Firman menyebut nasi gandul telah dikenal sejak ratusan tahun lalu, dan tetap bertahan. karena kekuatan cita rasa serta nilai budaya yang melekat di dalamnya
“Ini bukan hanya soal makanan, tetapi juga sejarah dan tradisi masyarakat Pati yang harus terus dilestarikan,” kata Firman kepada wartawan
Ia juga menilai keberanian pengusaha asal Pati, Wardoyo membuka restoran di kawasan elit Senopati merupakan langkah strategis yang patut dihargai.
Menurutnya, tidak semua pelaku usaha daerah berani melakukan ekspansi dengan konsep modern dan investasi besar.

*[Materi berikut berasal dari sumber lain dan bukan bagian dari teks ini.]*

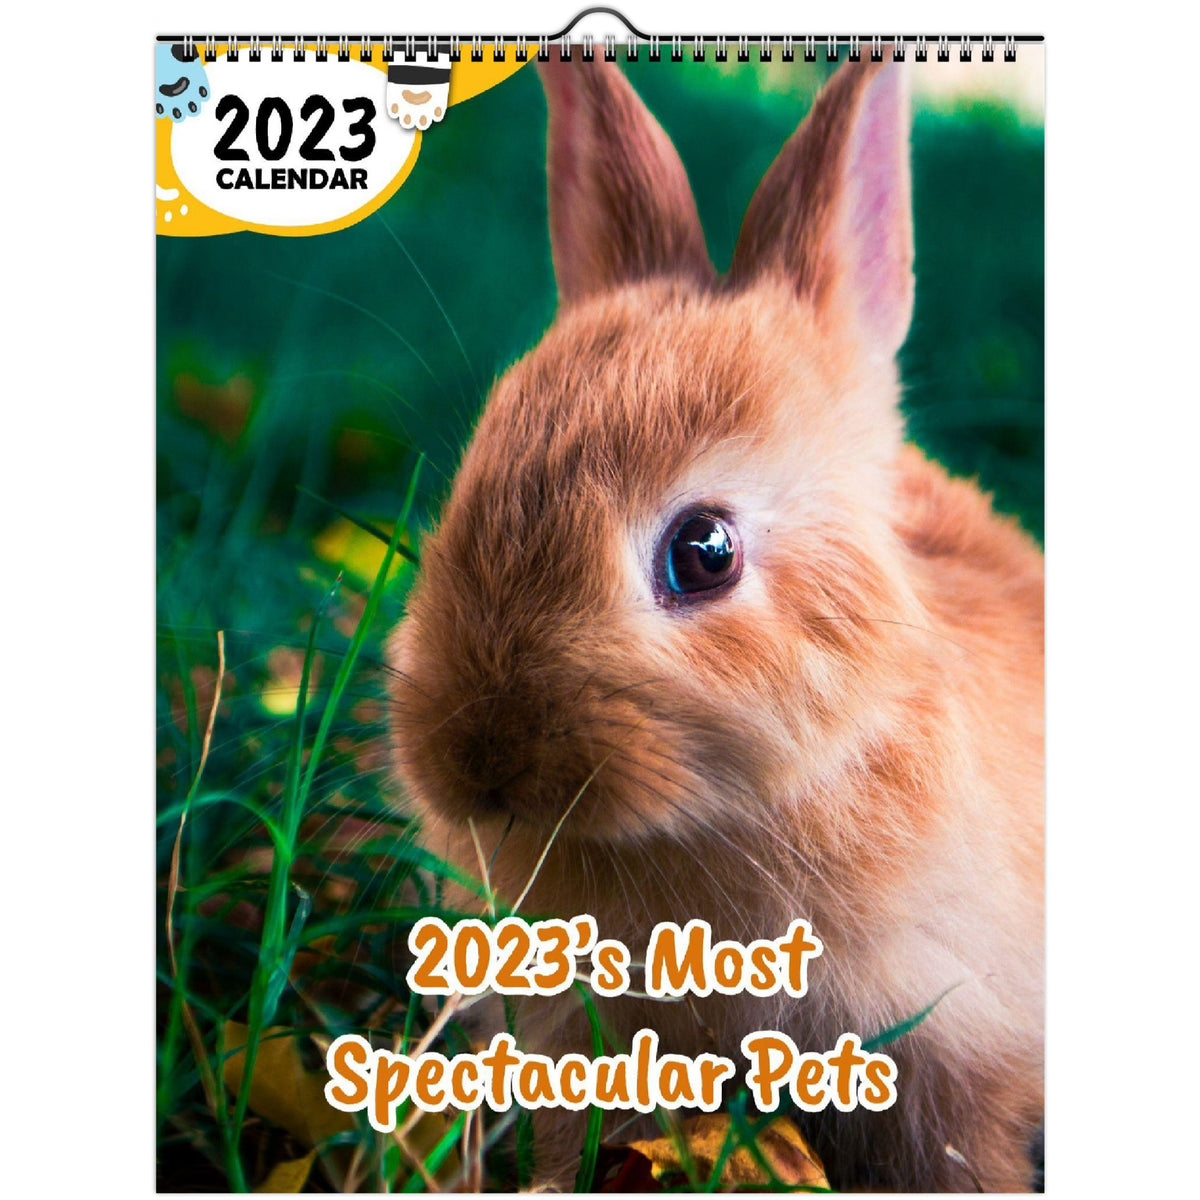 2023's Most Spectacular Pets 2023 Wall Calendar The Blissful Birder

Maka harapan kedepan, restoran ini menjadi inspirasi bagi pengusaha lain, agar tidak ragu membawa kuliner daerah menuju pasar nasional.
“Keberanian membuka usaha di lokasi strategis dengan investasi besar ini patut diapresiasi. Ini bagian dari upaya menjadikan kuliner Pati sebagai destinasi utama,” tambahnya.
Dukungan terhadap nasi gandul juga datang dari tokoh nasional, Komjen Pol. Agus Andrianto dan Komjen Pol (pur) Oegoseno yang menilai nasi gandul memiliki makna sosial yang sangat kuat.
Menurut Agus, makanan tersebut mencerminkan karakter masyarakat Jawa yang sederhana, guyub, serta penuh kebersamaan.
“Nasi gandul ini bukan hanya soal rasa, tetapi juga menggambarkan kehidupan masyarakat yang sederhana, guyub, dan penuh kebersamaan. Ini yang harus kita jaga,” ujarnya.
Agus mendukung penuh langkah memperkenalkan nasi gandul lewat restoran modern di kota besar.
Karena hal tersebut, menjadi bentuk konkret pelestarian budaya sekaligus perluasan pasar. Firman pun menegaskan bahwa promosi nasi gandul tidak boleh berhenti di Jakarta.
Dia berharap ke depan nasi gandul bisa menembus pasar internasional seperti makanan Indonesia lainnya yang sudah lebih dulu dikenal di luar negeri.
“Kita berharap ke depan nasi gandul bisa dikenal secara internasional, bahkan hadir di berbagai negara,” imbuh Komjen Pol (pur) Oegoseno.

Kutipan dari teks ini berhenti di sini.